В гостиной, куда ввели майора, он нашел Фавицкого.
- Вы очень аккуратны, пан майор, - любезно встретил его наставник. - Прошу, вас ждут. Все прямо. Четвертый покой отсюда. А я буду ожидать вас здесь...
Косые красные лучи холодного зимнего солнца, сходящего к закату, освещали всю комнату и, облитая ими, вырезалась у стола фигура Жанеты, такая воздушная, стройная, совсем неземная сейчас на вид. Волосы, слегка взбитые на голове, были пронизаны светом. Лицо, одетое собственной тенью, белело, как будто изнутри озаренное другим, нездешним огнем.
Лукасиньский, которому солнце глядело прямо в лицо, слегка зажмурил глаза и залюбовался Жанетой, которую давно уже не видел так близко и наедине.
От легкого волнения порозовело все лицо княгини, слегка дрожали руки и голос, когда она заговорила первая:
- День добрый, пане Валериан.
- Почтительный привет мой светлейшей княгине Лович!..
- Боже мой, как пышно! Бедная "княгиня Лович"... Графиня Жанета слыхала более сердечные приветы.
- Графиня не пожелала больше их слышать... Да и нет ее больше, наияснейшая княгиня!
- Нет?! Вы правы: нет ее! - с глубоким вздохом согласилась Лович, опускаясь в кресло и указывая место майору недалеко от себя.
Настало небольшое молчание.
- Я весь к услугам яснейшей княгини. Что прикажет ее светлость?
- Ничего.
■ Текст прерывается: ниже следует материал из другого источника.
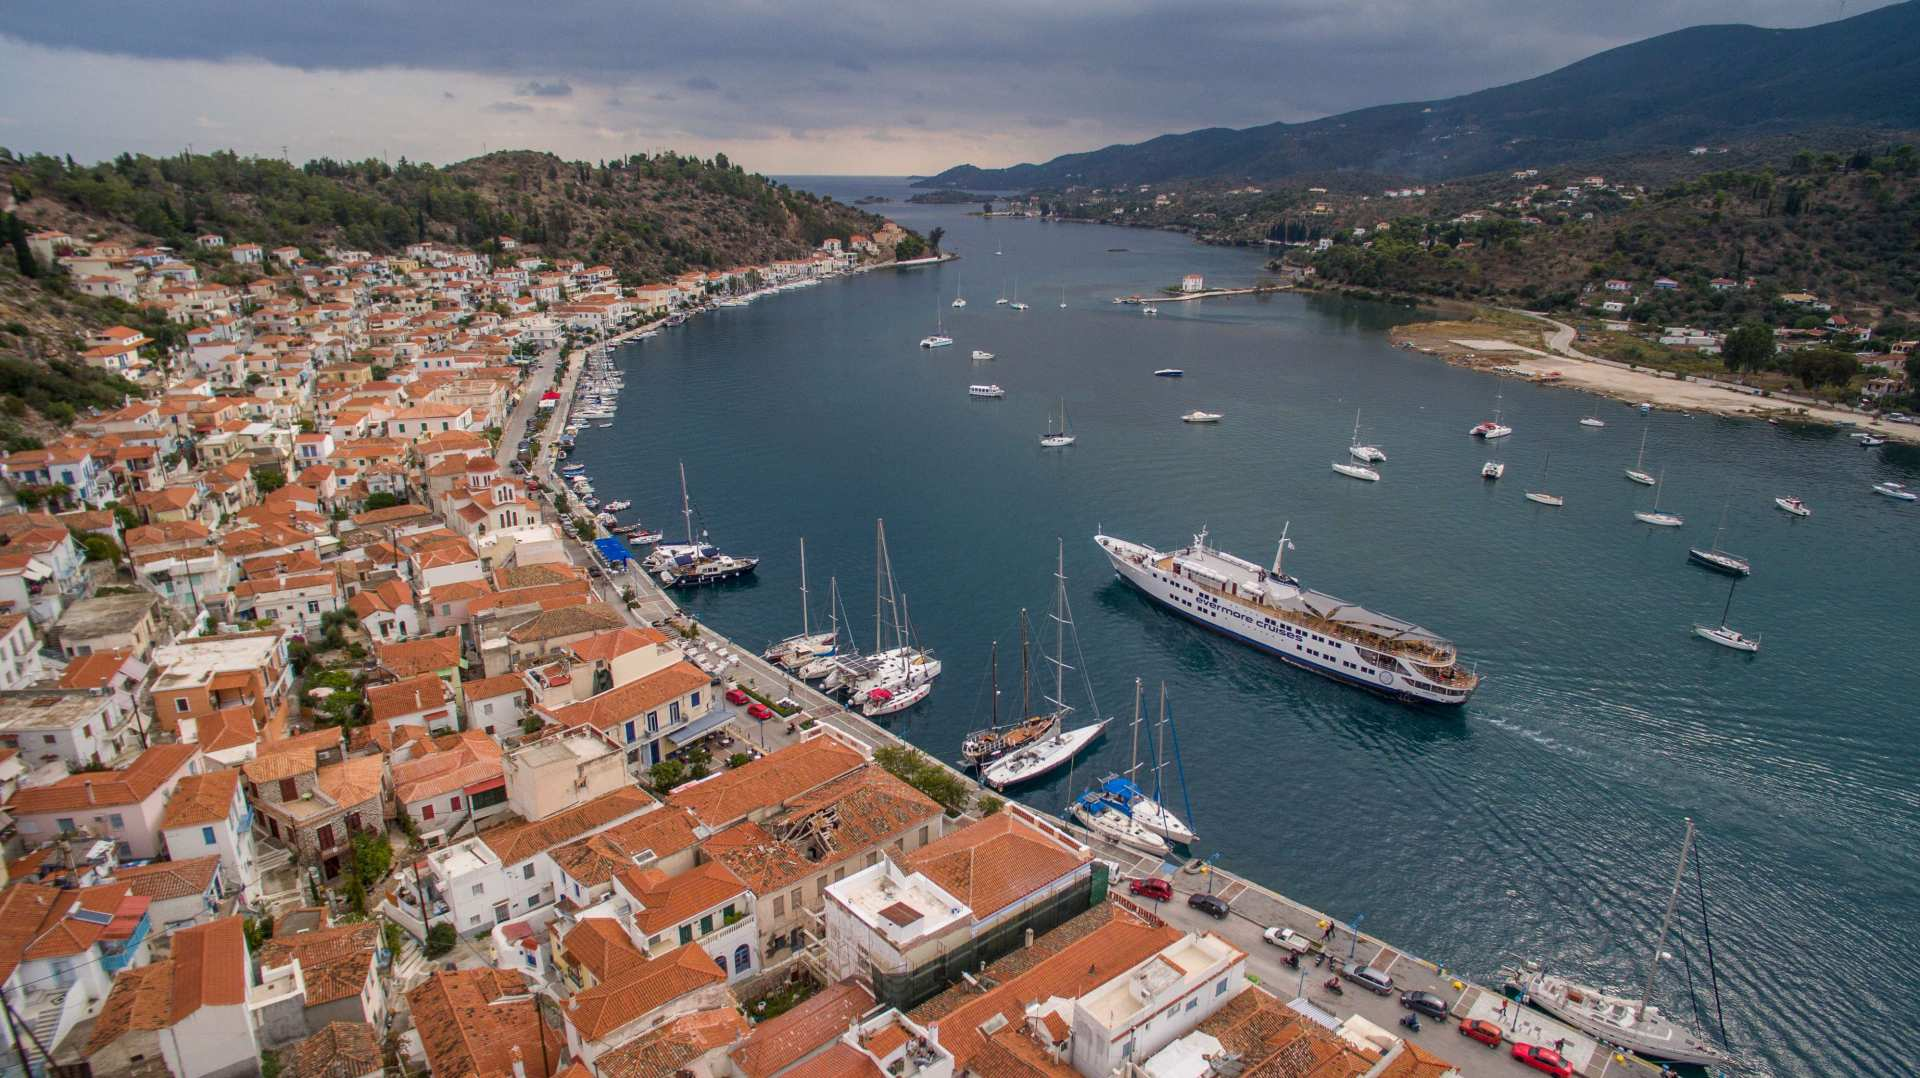 【希臘渡輪體驗】伊茲拉島(Hydra)、波羅斯島(Poros)、愛琴島(Aegina )一日船遊(雅典出發)
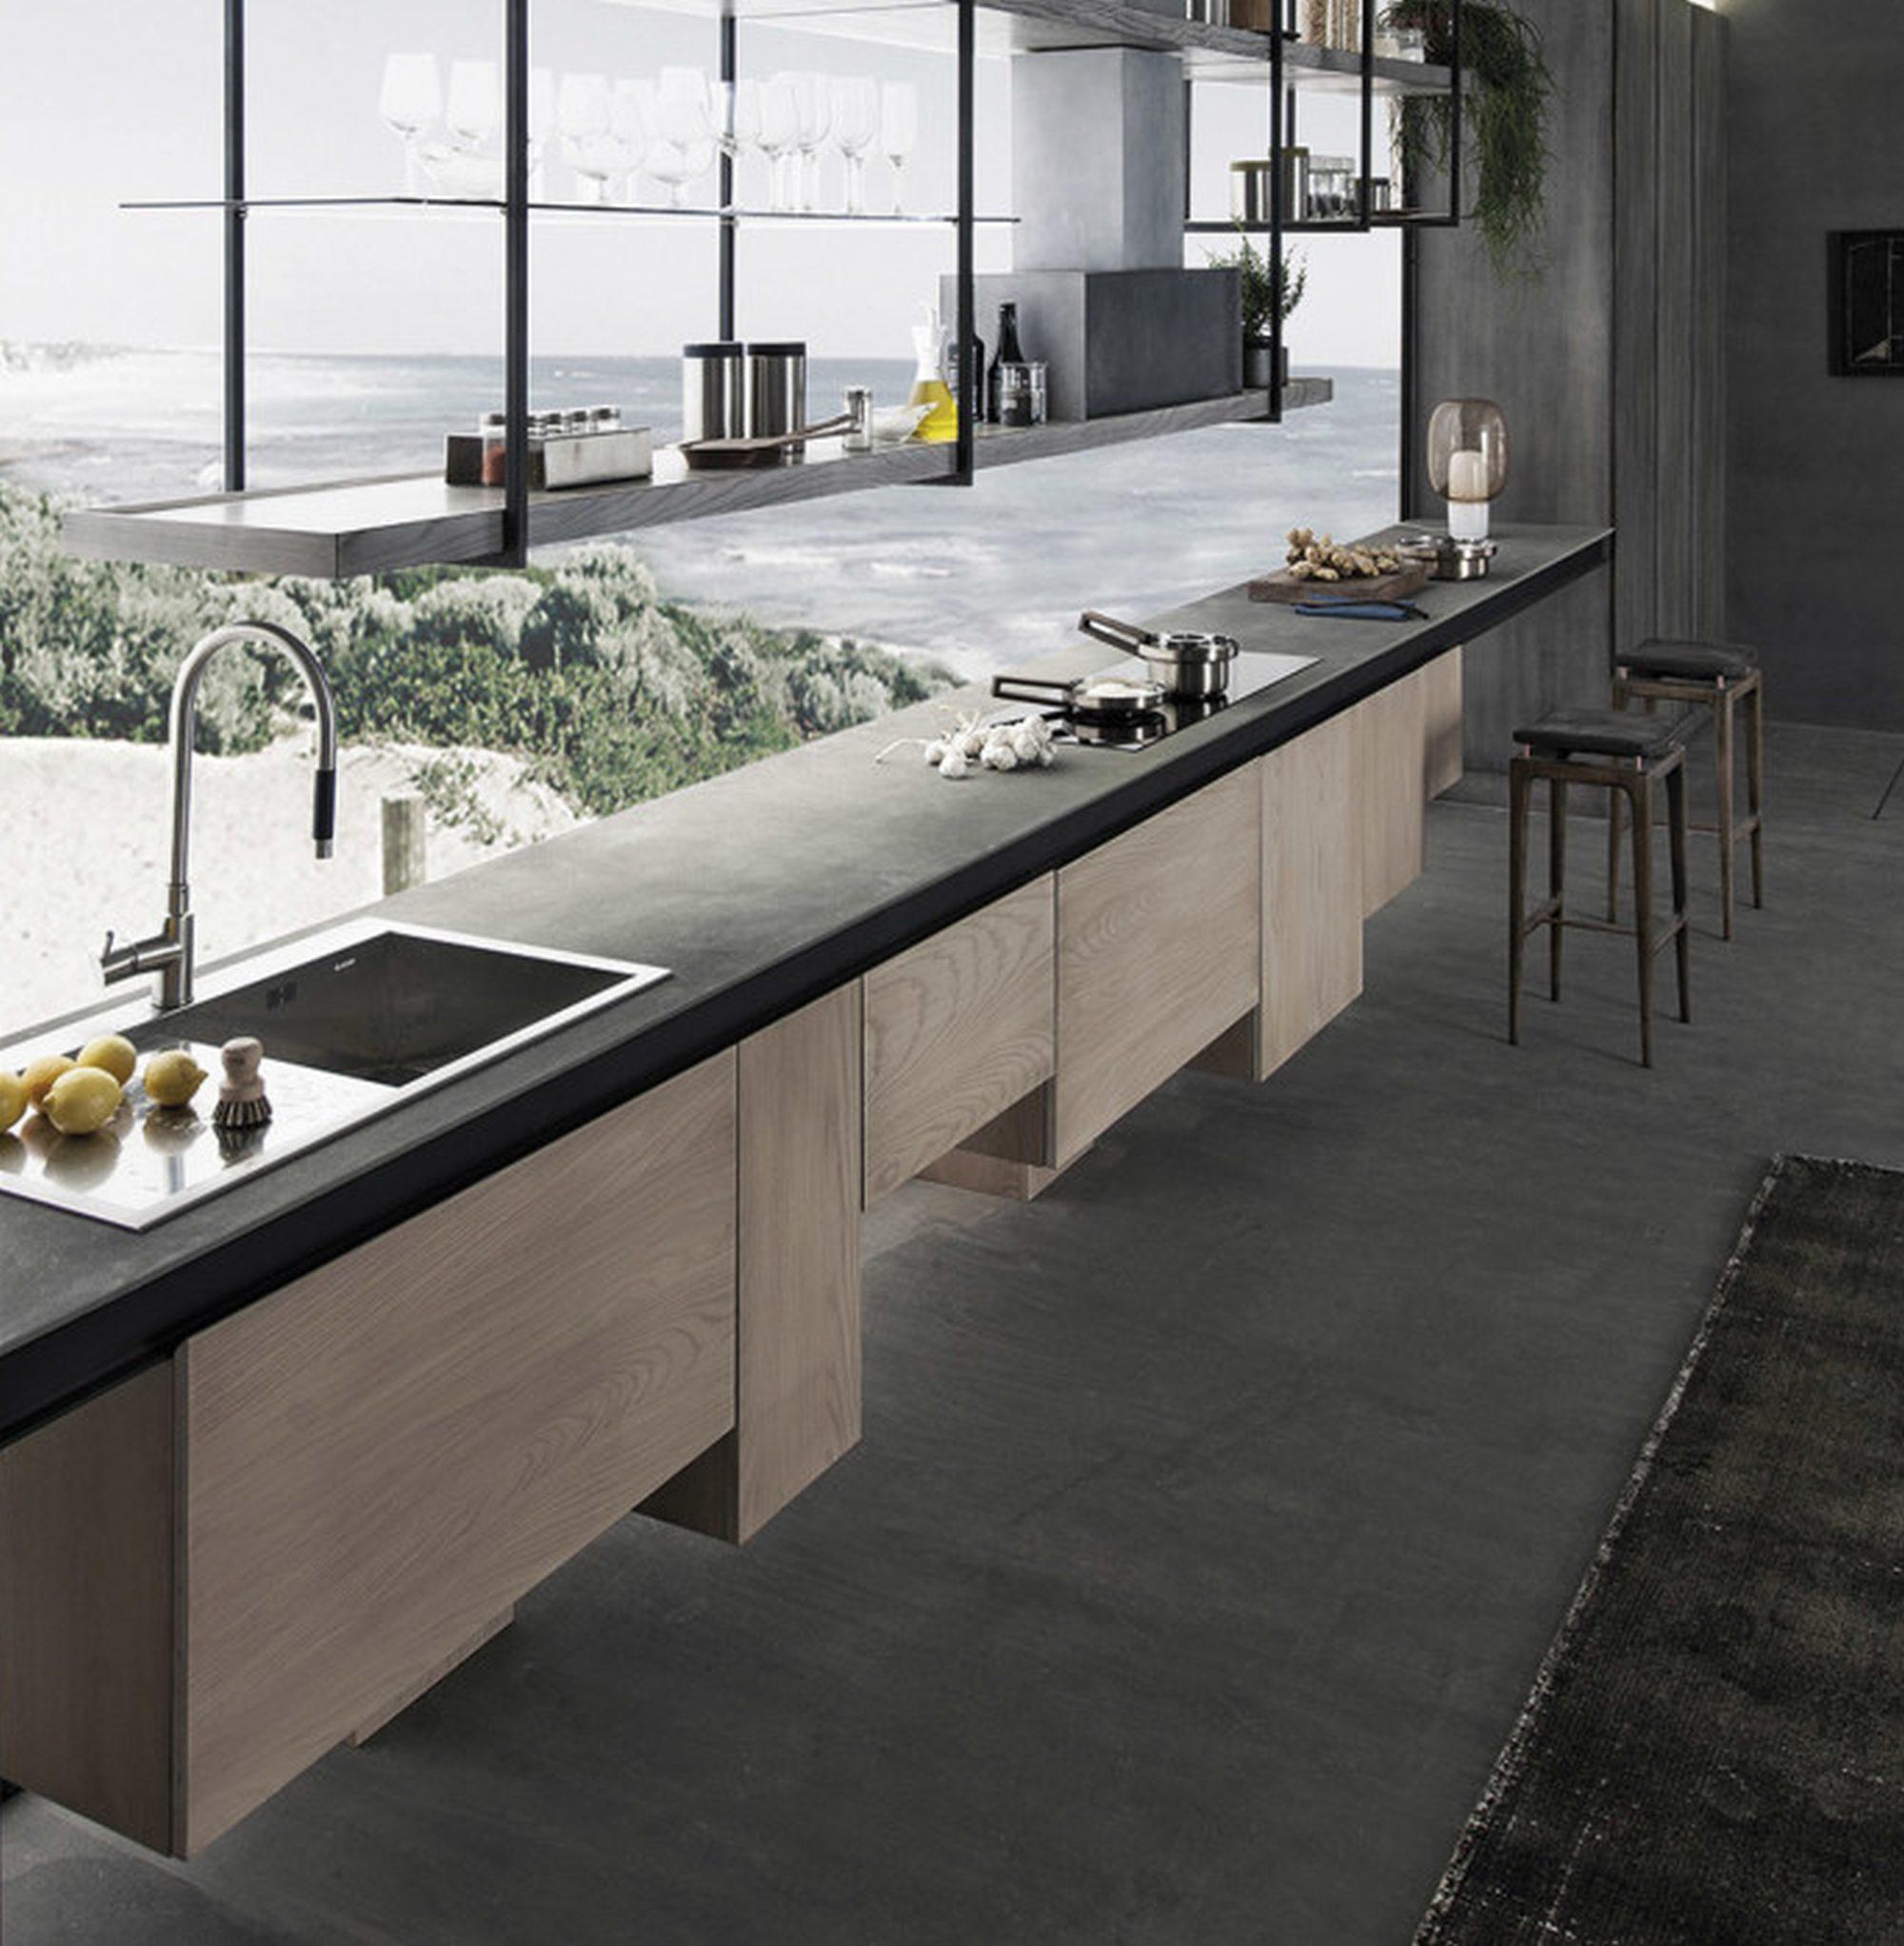 17 cocinas modernas con encimera de cemento - Material para cocinas modernas ...

Мне только хочется знать: за что не любит Польша Константина? Чего она желает еще? Зачем усиленно готовит гибель ему... и себе?
- Гибель ему? Себе?.. Кто может знать это, княгиня? - бледнея, насторожась, задал встречный вопрос майор. - И почему я, маленький винтик машины, простой, незначительный офицер - должен дать ответ на эти вопросы от имени всей нашей отчизны?
- Каждый обязан дать ответ. А вы больше других. Если я вызвала пана Валерия, если так говорю с вами, - не вызнавать хочу тайну... Это же можно мне поверить, что я знаю, о чем говорю! - твердо возразила Лович. - Не гибели, а блага общего ищу я... Оберечь хочу и отчизну... и мужа, как умею. Но без предательства, верь, пан Валериан.
- Я бы стер с лица земли того, кто заподозрит в предательстве... графиню Жанету... светлейшую княгиню Лович. Даже самого себя! Пусть так. Я отвечу. Но раньше еще один вопрос: неужели княгиня полагает, что спасение отчизны или хотя бы... ее мужа находится вот в этих слабых руках?
Майор вытянул свои напряженные, холодные сейчас руки.
- Нет. Оно - в руках судьбы, в воле Неба. Но мы обсудим, обдумаем, поищем и здесь, на земле. Мы же дети Господа Нашего... Он не оставит нас, если мы будем искать...
- С чистым сердцем и в полной правде?..
- Только так!
- Поищем. Хорошо! И - последний вопрос: если даже найдем, уверена ль графиня Жанета, светлейшая княгиня Лович, что тот, кто здесь главное лицо, не говоря уж о самом императоре-круле, что этот примет лекарство, спасительное и для отчизны, и для него?
- Я постараюсь, чтобы он исполнил... Я давно стараюсь, насколько умела понять своим женским умом, своим сердцем... Но об этом после... Итак?
- Итак: я говорю сейчас от лица отчизны. От лица целой нации. Вы - полька, княгиня. И поймете, что я не заблуждаюсь и не ввожу в заблуждение вас. Нет ни одного честного, истого поляка, который бы в этот миг не думал, не чувствовал всего, что выскажу я... Не желал бы того же, не стремился бы к тому, что меня влечет... Отказался бы от жертвы, на какую готов я и мои товарищи...
- Вы правы, я знаю... И вас - немало. Это тоже мне известно...
- И ему? Цесаревичу тоже известно?
- Ему говорят. Но он плохо верил до сих пор...
- Ну, так теперь в Петербурге его уверят... Но все равно... Итак, я говорю.
- Говорите смело. Я - жена Константина. Я люблю его. Но - я полька и честная женщина. Видит Бог.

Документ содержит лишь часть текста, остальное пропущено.